Distraction
dis·trac·tion n.
1. The act of distracting or the condition of being distracted.
2. Something, especially an amusement, that distracts.
3. Extreme mental or emotional disturbance; obsession: loved the puppy to distraction.
dis·trac·tion n.
1. A condition or state of mind in which the attention is diverted from an original focus or interest.
2. Separation of bony fragments or joint surfaces of a limb by extension.
Interesting word for me today.
I'm feeling just a little bitchy right now... the feedback I'm getting from my non-virtual world is just a bit shady to me.
Relationships...crushes...dreams...hopes -- are these things a distraction from being the "real" me? From living the life and being the person I am "meant" to be?
And "meant to be" according to who? And on who's fucking time table?

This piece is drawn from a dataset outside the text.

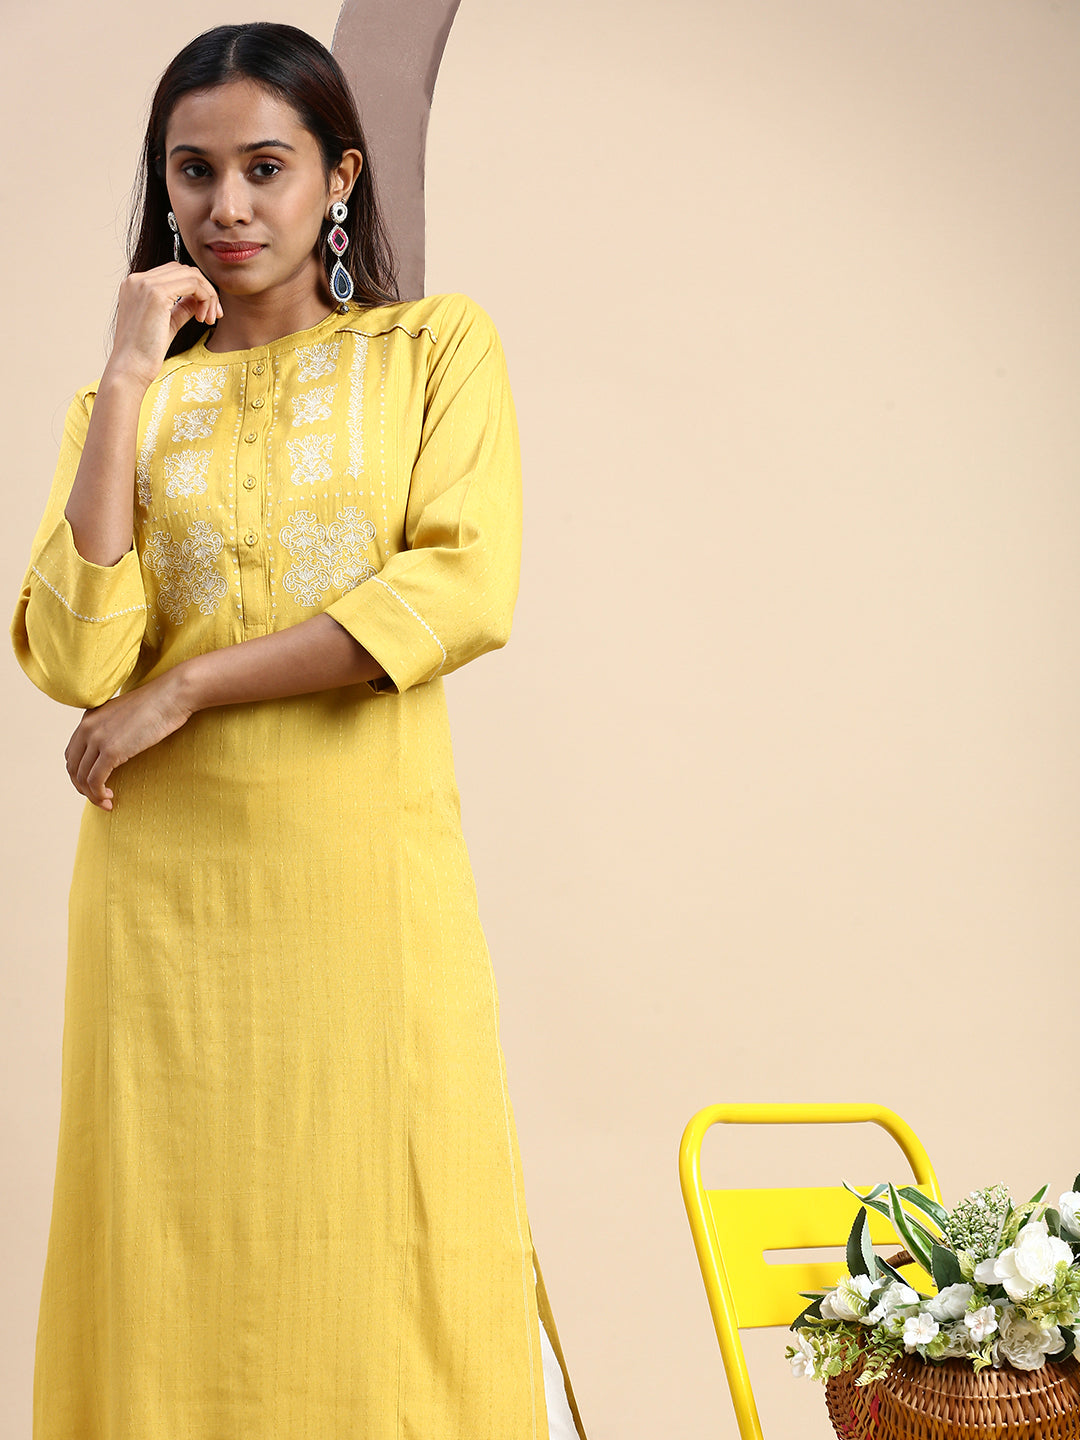 Roopa's Collection - Price Rs 559 + 100 SHIPPING Trendy Slub Cotton Kurti  Fabric: Slub Cotton, Inner: Cotton Sleeves: Sleeves Are Included Size: M-  38 in, L- 40 in, XL- 42 in,

It's a really big question that can't be answered in a flash; and at the same time, I'm not going to beat myself up for having a life that on the outside looks like ONE BIG FUCKING DISTRACTION.
Ugh.
This is what my life LOOKS like. And if you want to call it a distraction to actually be AWAKE for things that are happening along the way -- you know, something akin to "smelling the roses" -- then be my guest. What matters is what I think my life needs to be about, and how I do or don't make myself happy.
Yes, now I have something to THINK about... or wait, I forget, you think I'm too much in my head anyway... damn, these airy hands.
Well, whatever I'm doing, you just talk amongst yourselves and don't tell me any of it. I've got enough distracting pollution around me as it is.